Your code may try to link -lblas -llapack
: this isn't the right way to use BLAS
and LAPACK with MKL or ATLAS (though our OpenBLAS now has symlinks that mean this
will work).
MKL§
When you have an Intel compiler module loaded, typing
echo $MKLROOT
will show you that MKL is available.
Easy linking of MKL§
If you can, try to use -mkl
as a compiler flag - if that works, it should get
all the correct libraries linked in the right order. Some build systems do not
work with this however and need explicit linking.
Intel MKL link line advisor§
It can be complicated to get the correct link line for MKL, so Intel has provided a tool which will give you the link line with the libraries in the right order.
- https://software.intel.com/en-us/articles/intel-mkl-link-line-advisor
Pick the version of MKL you are using (for the Intel 2018 compiler it should be Intel(R) MKL 2018.0), and these options:
- OS: Linux
- Pick your compiler. BLAS and LAPACK are Fortran95 interfaces, to select them pick a Fortran compiler.
- Architecture: Intel(R) 64
- You can choose what type of linking you prefer. Dynamic linking means the libraries are linked at runtime and use the .so library, while static means they are linked at compile time and use the .a library. The Single Dynamic Library for later MKL versions will mean MKL will do clever things to work out which parts of it you are using.
- Interface layer: 64-bit integer
- Threading layer: You probably want sequential threading in most cases.
- Select additional libraries (ScaLAPACK) if required.

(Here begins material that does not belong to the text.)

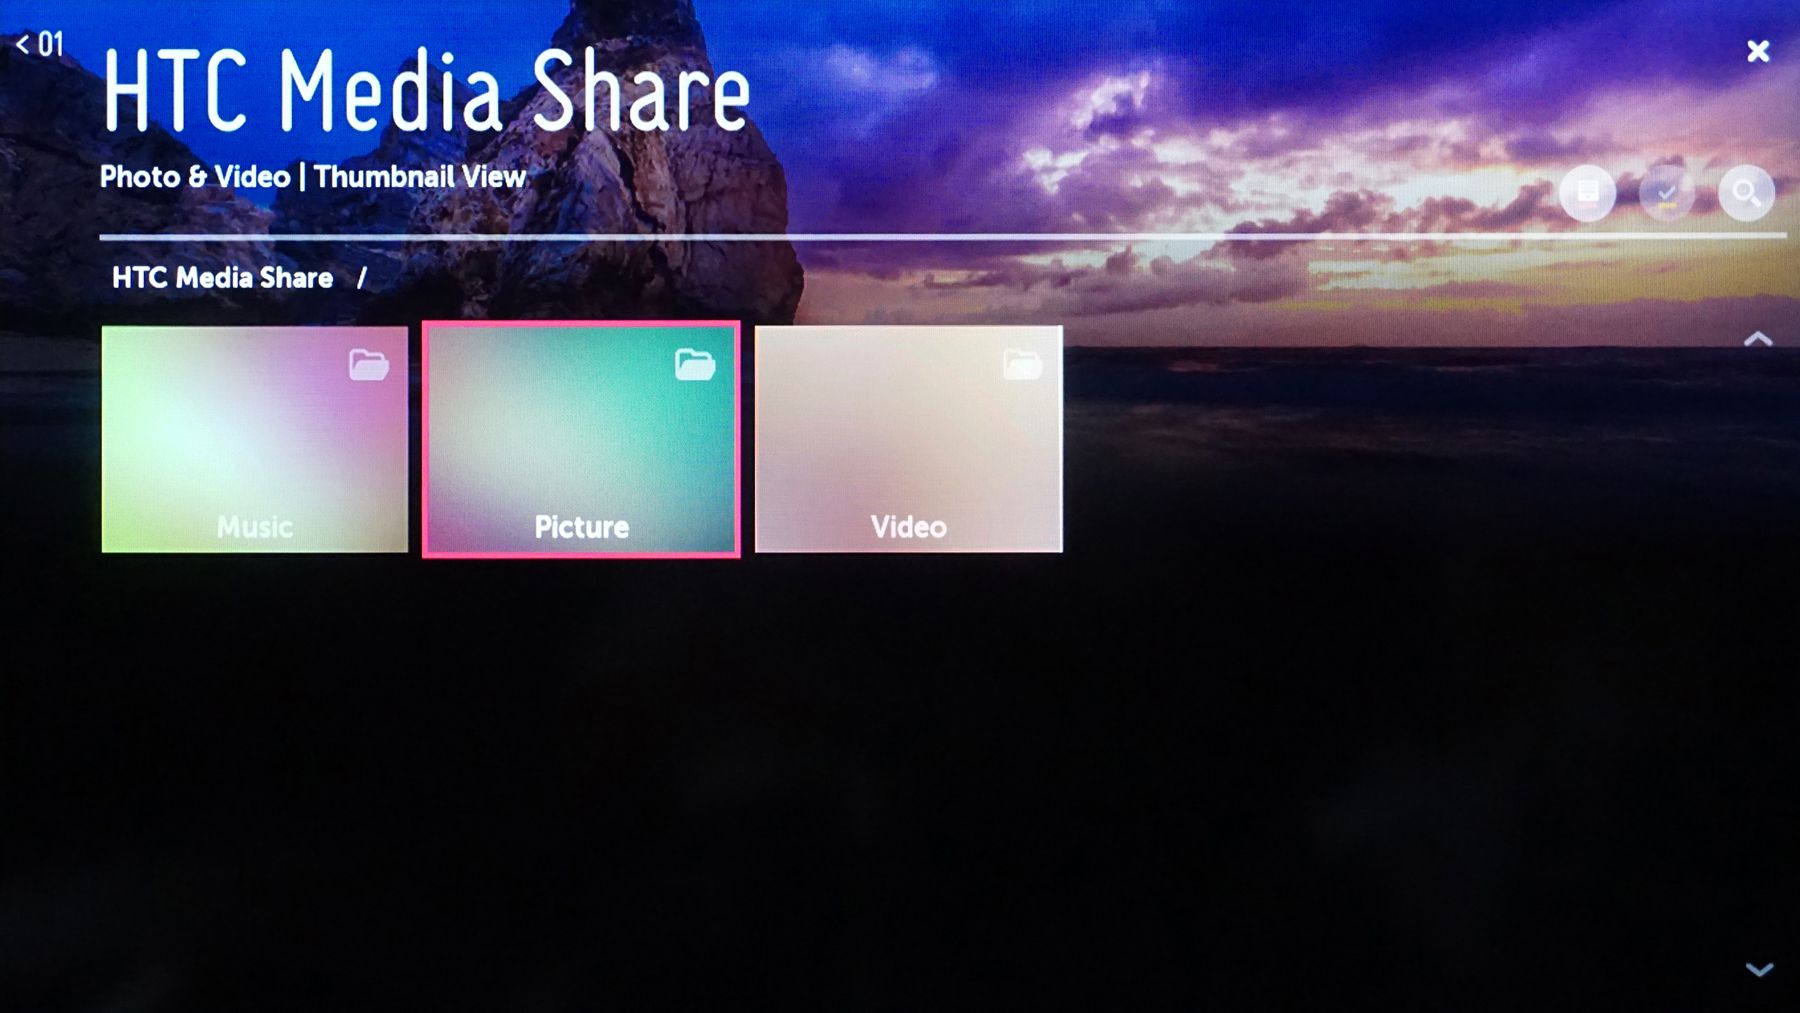 Compartilhamento de conteúdo da LG Smart TV - HTC Media Share
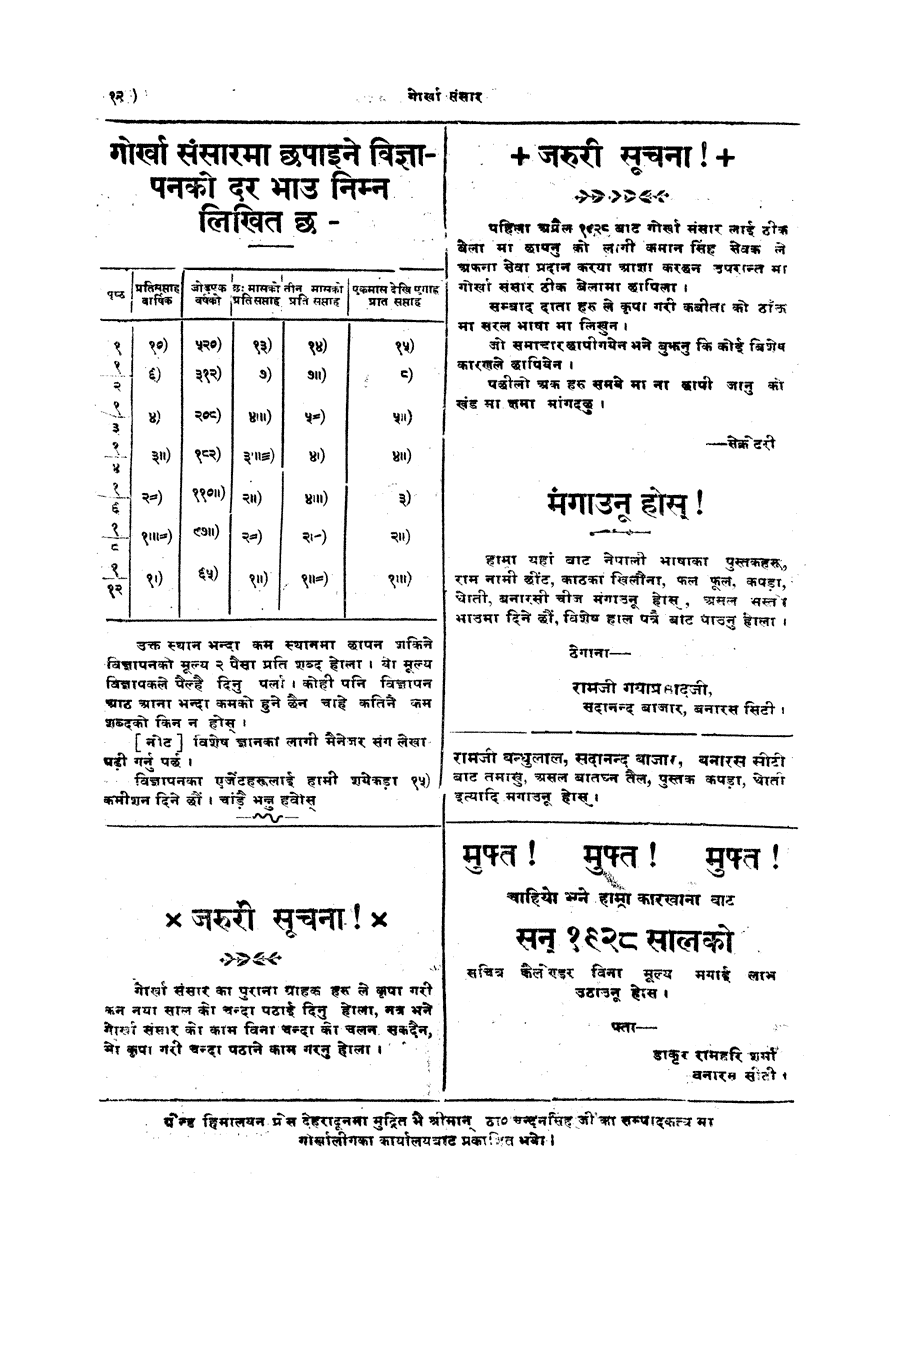 Gorkha Sansar, 27 April 1928, page 12

- Select Intel MPI if required.
- Select 'Link with Intel MKL libraries explicitly'
You'll get something like this:
${MKLROOT}/lib/intel64/libmkl_blas95_ilp64.a ${MKLROOT}/lib/intel64/libmkl_lapack95_ilp64.a -L${MKLROOT}/lib/intel64 -lmkl_scalapack_ilp64 -lmkl_intel_ilp64 -lmkl_sequential -lmkl_core -lmkl_blacs_intelmpi_ilp64 -lpthread -lm -ldl
and compiler options:
-i8 -I${MKLROOT}/include/intel64/ilp64 -I${MKLROOT}/include
It is a good idea to double check the library locations given by the tool are
correct: do an ls ${MKLROOT}/lib/intel64
and make sure the directory exists
and contains the libraries. In the past there have been slight path differences
between tool and install for some versions.
OpenBLAS§
We have native threads, OpenMP and serial versions of OpenBLAS.
Type module avail openblas
to see the available versions.
Linking OpenBLAS§
Our OpenBLAS modules now contain symlinks for libblas
and liblapack
that both
point to libopenblas
. This means that the default -lblas -llapack
will in fact work.
This is how you would normally link OpenBLAS:
-L${OPENBLASROOT}/lib -lopenblas
If code you are compiling requires separate entries for BLAS and LAPACK, set them
both to -lopenblas
.
Troubleshooting: OpenMP loop warning§
If you are running a threaded program and get this warning:
OpenBLAS Warning : Detect OpenMP Loop and this application may hang. Please rebuild the library with USE_OPENMP=1 option.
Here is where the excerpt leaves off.